WHAT THE EXERCISE ASKS:
Please, from the entries below, transcribe exactly the lines that begin at the line with "Paar sehr schöne" and end at the line with "Veröffentlicht in: Lietti", without the pictures.

DATASET:

****************************************

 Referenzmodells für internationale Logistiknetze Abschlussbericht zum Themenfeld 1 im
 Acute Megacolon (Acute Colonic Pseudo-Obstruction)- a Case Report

****************************************

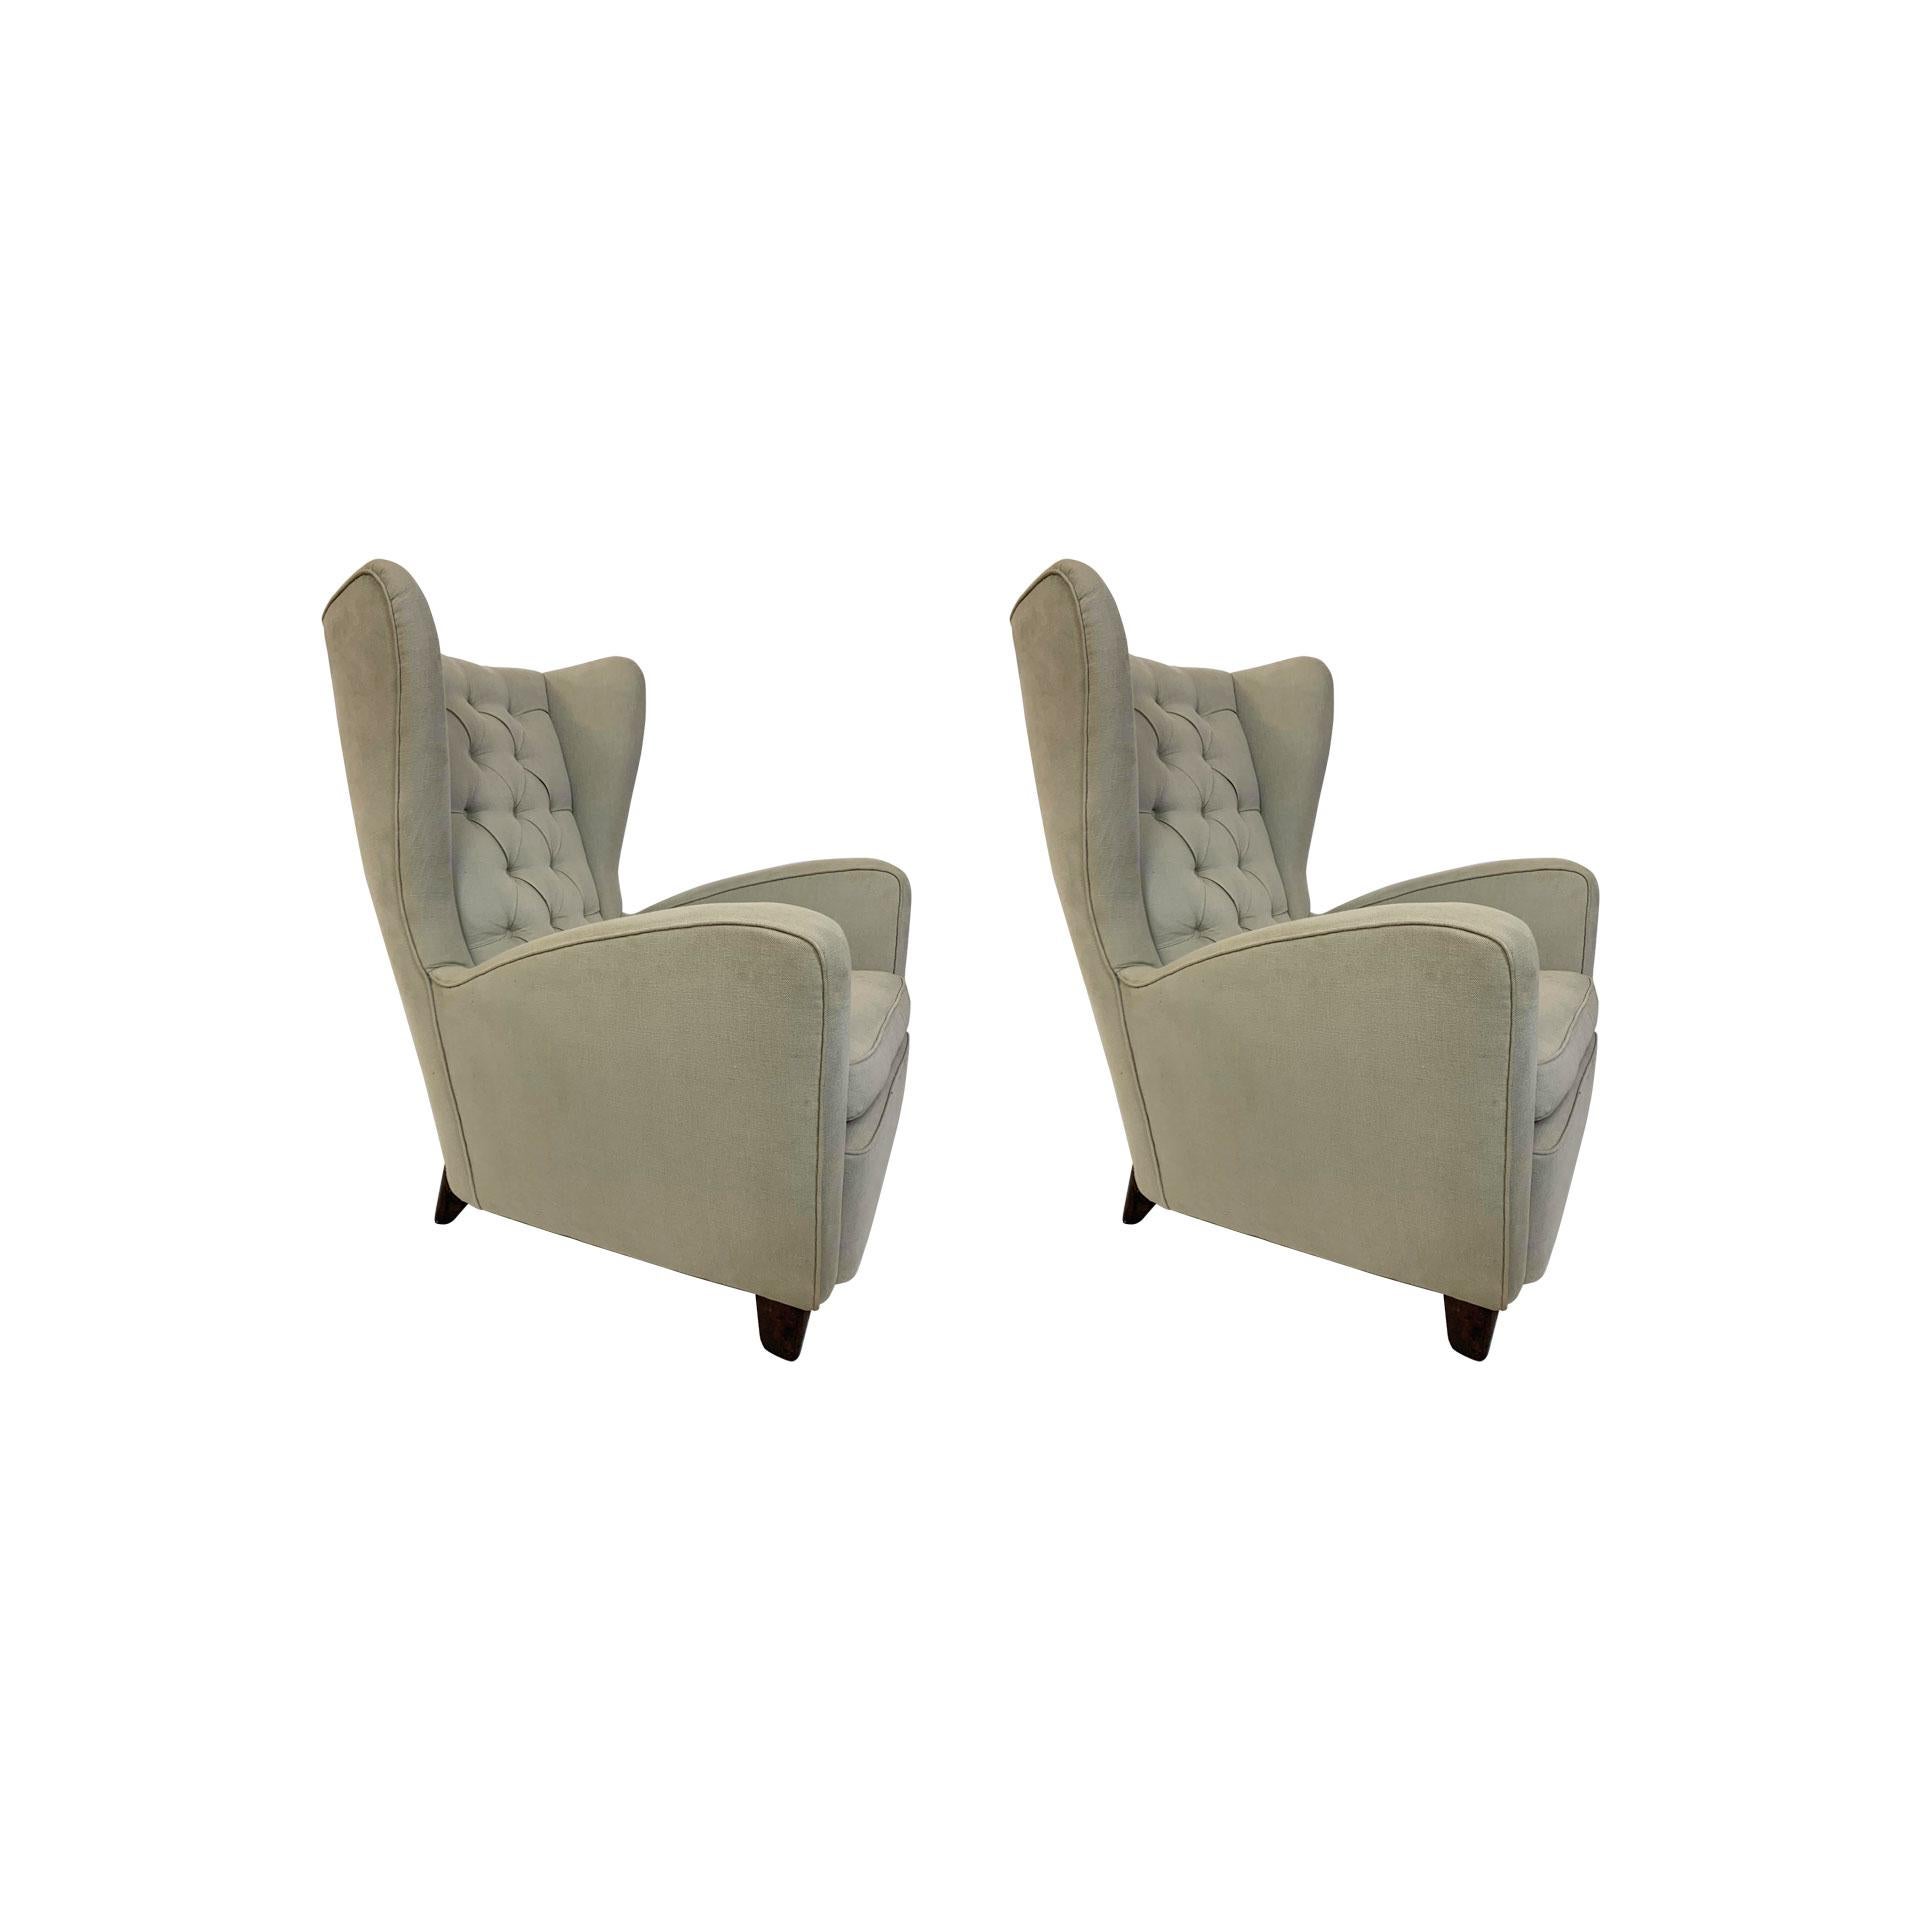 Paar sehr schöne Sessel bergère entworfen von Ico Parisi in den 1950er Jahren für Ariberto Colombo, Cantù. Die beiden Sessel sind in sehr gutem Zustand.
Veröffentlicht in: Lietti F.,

****************************************

EXERCISE RESULT:
 Paar sehr schöne Sessel bergère entworfen von Ico Parisi in den 1950er Jahren für Ariberto Colombo, Cantù. Die beiden Sessel sind in sehr gutem Zustand.
Veröffentlicht in: Lietti F.,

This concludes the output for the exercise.